→ **TASK TO CARRY OUT**
Exactly as they appear below, repeat the lines from the one with "Sk2 Imitation Mahogany" through the one with "Dit model dient", and no others.

→ **GIVEN ENTRIES**
#####

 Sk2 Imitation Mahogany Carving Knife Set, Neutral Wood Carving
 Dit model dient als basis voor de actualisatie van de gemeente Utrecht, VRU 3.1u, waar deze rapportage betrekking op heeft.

#####

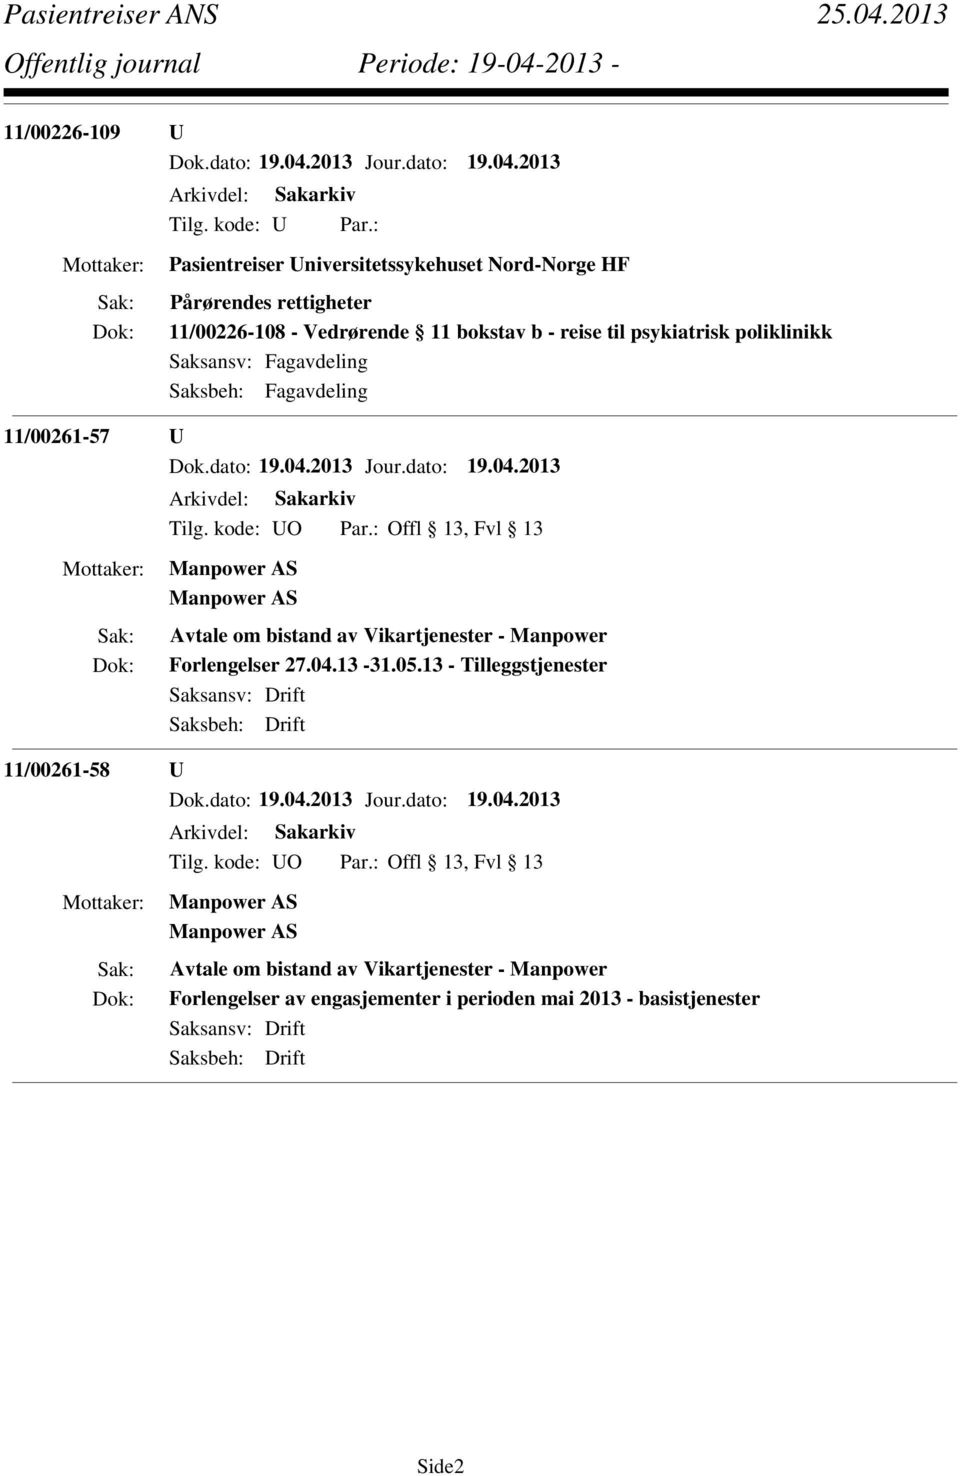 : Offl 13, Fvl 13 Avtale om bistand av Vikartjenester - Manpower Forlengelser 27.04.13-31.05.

#####

→ **TASK RESULT**
 Sk2 Imitation Mahogany Carving Knife Set, Neutral Wood Carving
 Dit model dient als basis voor de actualisatie van de gemeente Utrecht, VRU 3.1u, waar deze rapportage betrekking op heeft.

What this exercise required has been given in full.